The mainstream media suggests that his 11 felony counts should spread like shrapnel to his wife and kids, and to his associates. Madoff stated in court that the businesses they ran were, “legitimate, profitable and successful in all respects.” The importance of this court delivered statement is not what he said, but what his claim reveals of the prosecutorial shortcomings in his case. Evidently the prosecutors have not effectively extracted the most important information from this well-connected and very effective scoundrel. Madoff is under no obligation to cooperate since he has no deal with the state. The prosecution attempted to extract admission of conspiracy from him. This accomplished nothing, and his lawyer indicated that Madoff has accepted the fact that he will die in jail.
We have previously written on this case with The Madoff Letter, however, with Madoff’s pleading concluded, we feel strongly that prosecutors should move to make him an offer that will render a maximum of the dispersed capital back to the original investors, and surface a majority of the co-conspirators hiding far beyond the circle of the Madoff family. Most importantly, an effective deal would bring the implementation of wide-ranging fixes to the regulatory cracks that continue to enable such broad abuse on the Street.
To successfully achieve these objectives, let’s set aside the public fury calling for blood, and attempt to extract the highest possible benefit to society. The prosecutors may in future use his family as leverage in extracting information from him, however, with his guilty plea, Madoff has made this unlikely in the near or mid-term, and such efforts could take many years to resolve. Time will work against the prosecution in bringing satisfaction in these cases, and the last thing they should wish for is that harm comes to Madoff in prison.
Going after his family might satisfy emotions, but as such a process evolves through years of judicial wrangling, it will provide little of real value toward the principal objectives. Given that he has accepted his fate, the justice system should make Madoff a deal that would provide him some faint hope before he dies. Give him the prospect of spending some free time with his children and grandchildren before his days are over.

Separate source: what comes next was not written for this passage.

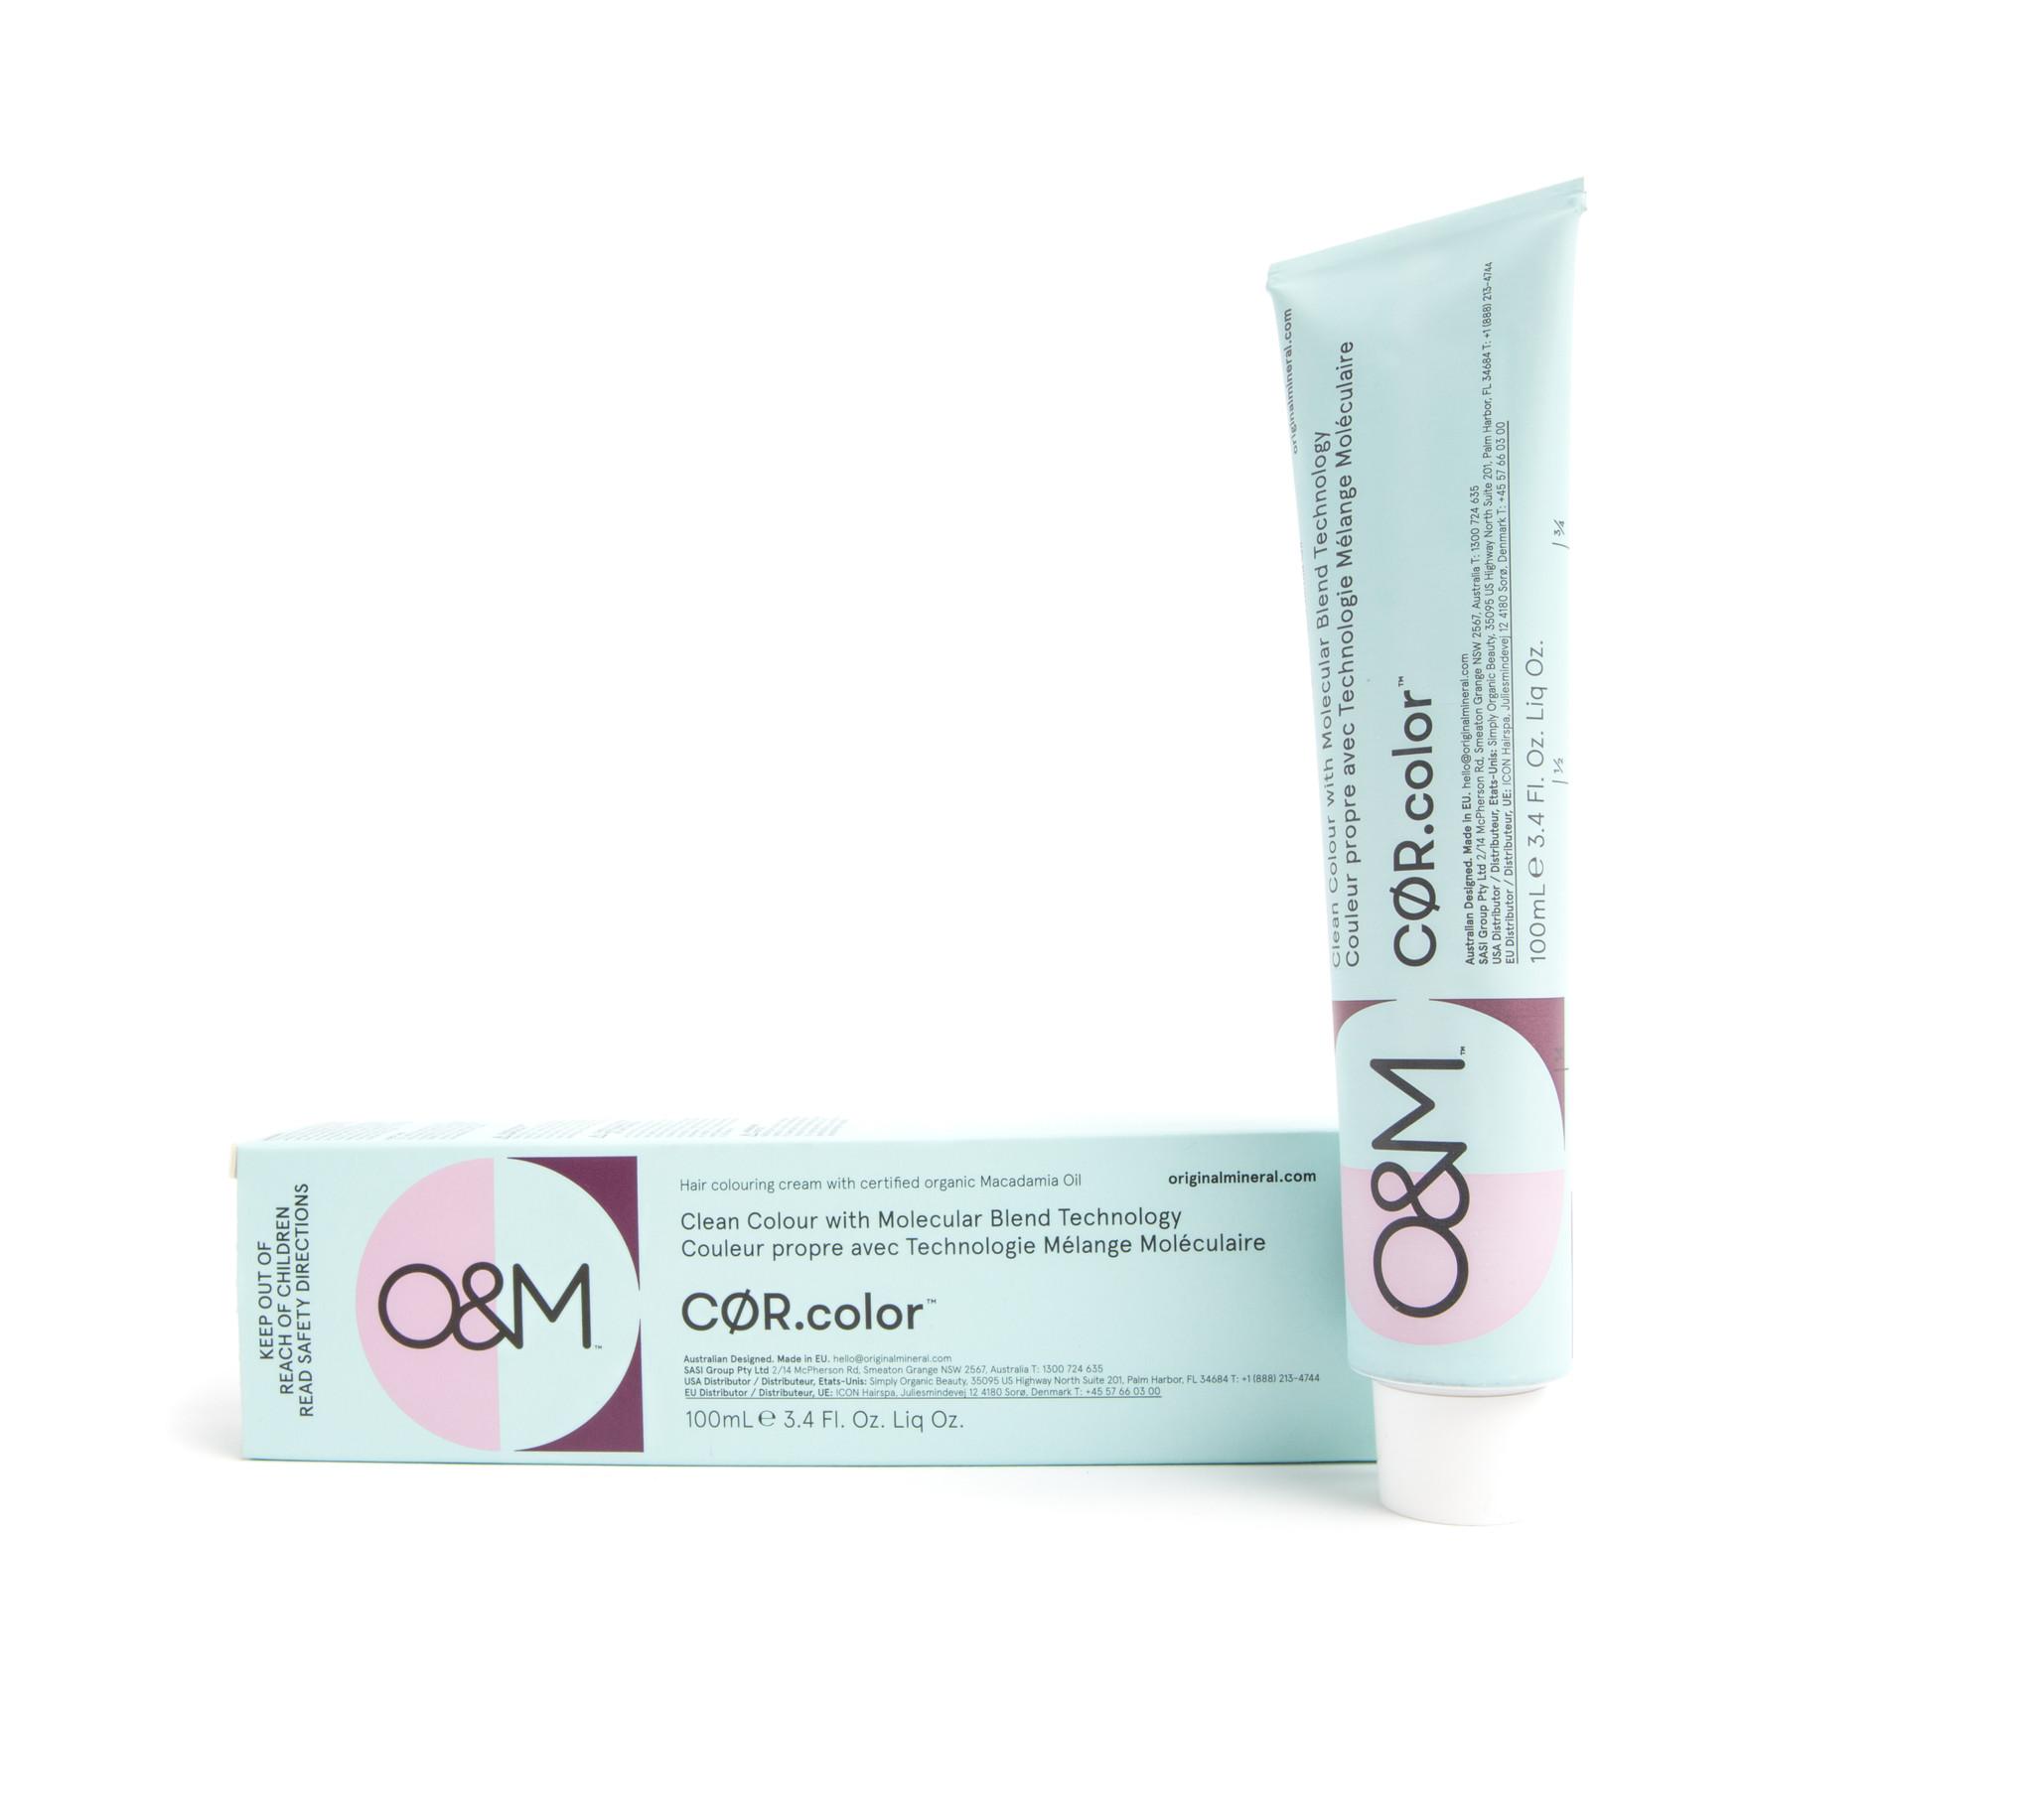 O&M - Original Mineral O&M CØR.color Chocolate Blonde 7.75 100g

If billions of dollars are recovered from offshore accounts, from foreign feeder funds, and from an endless list of individuals who catered to the Madoff cash collection by accepting kickbacks, does it matter if Madoff once again sees daylight? If the long list of individuals who conspired gets rounded up to join the ranks of the incarcerated, does the greater good become advanced? If the specifics of regulatory shortcomings, and failures or incompetence of the “overseers,” such as Congress and the SEC, receive unprecedented attention, and correcting legislation becomes enacted, would this not reduce future recurrences of colossal or amorphous frauds? Would the 5,000 people whose lives have been dramatically affected not welcome a significant recovery of their capital? Of course.

Make a deal Madoff will not refuse. Provide Madoff sight of the end of his tunnel. Take ego and emotions out of the equation, and make light deals with each member of his family. Exchange the leniency for a complete and specific unraveling of the past thirty years Madoff spent in the more dubious financial chambers of Wall Street, Geneva, London, Monaco or Singapore. Get all names and amounts. Then go after all of them, extraditing many from the comfort of protective jurisdictions while those countries still need all the financial goodwill they can get, and grab the cash these co-conspirators stashed as you bring them to justice on the streets of New York.

Revenge in this case would not positively serve the society Madoff abused, and he is not likely to atone for his crimes. What matters now, more than retaliation on this former NASDAQ Chairman, is the achievement of some restoration, and salvaging as much as is possible of the destruction rendered by this monstrous crime. Let his dream hold contain a whiff of freedom, as he rests uncomfortably in his new austere surroundings. Do whatever it will take for him to cough it all up.